1            Muscle Soreness?


Maria and Giuseppe had been long standing patients of the clinic.  I took over their care when my colleague retired.  They were in their 50s when I first met them.  Giuseppe was a bricklayer and apart from occasional back pain and problems with an arthritic knee he rarely attended.  He was a solid, burley looking man, seldom cleanly shaven, had the large roughened hands of a seasoned bricklayer and an evasive demeanor.  Maria was a more frequent attender.  She was slim, always neatly dressed, softly spoken.  She ran a small clothing repair business from home.  Her son and daughter were married and had left home.  She had mild hypertension which required medication, had regular Pap smears, mammograms and flu shots.  What troubled me most were her peculiar muscle aches and pains for which I could not find a cause.  On some occasions when I examined her the pains were accompanied by bruises and I wondered if she may have a form of vasculitis.  Repeated tests for inflammatory muscular, joint or vascular conditions were normal.  She looked well, generally felt well and denied any emotional problems.
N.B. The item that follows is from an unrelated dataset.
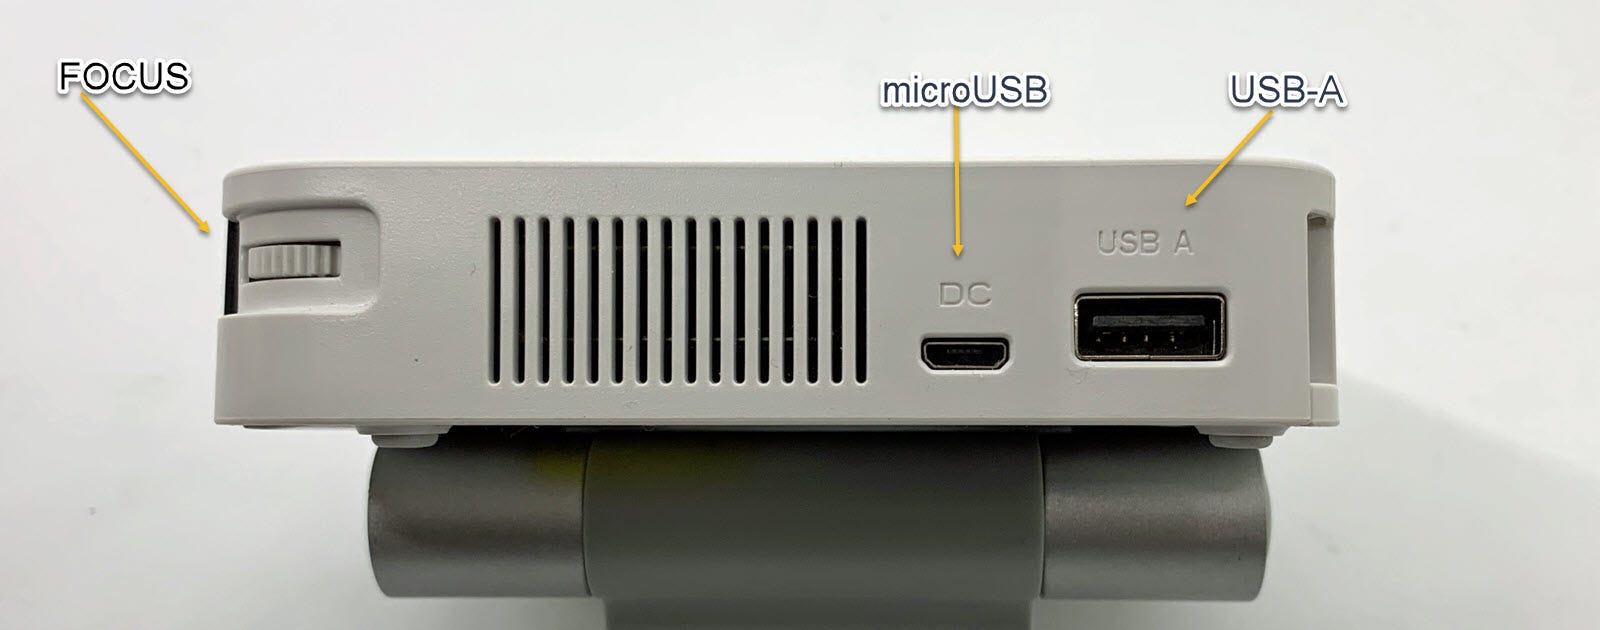 Hình ảnh hiển thị các cổng USB

Having remained diagnostically destitute for over a year I suggested she see a rheumatologist.  He was so impressed at clinching the diagnosis he felt compelled to phone me.

Maria was being physically abused by her husband and this had gone on for over 20 years.  He had a drinking problem and when inebriated he became violent.  The muscle aches and pains and occasional bruises were the aftermath of the abuse. 

Maria was too embarrassed to tell me because I also looked after her husband and she thought I would raise the matter with him which would make matters worse for her.  She felt comfortable in telling the specialist.  She was unaware that I was bound by patient confidentiality.  This was a secret she could not share with me.

So much for Family Medicine!  I felt hopelessly inadequate.  Should I have asked the right questions and even if I had been insightful enough to do so would I have received truthful answers?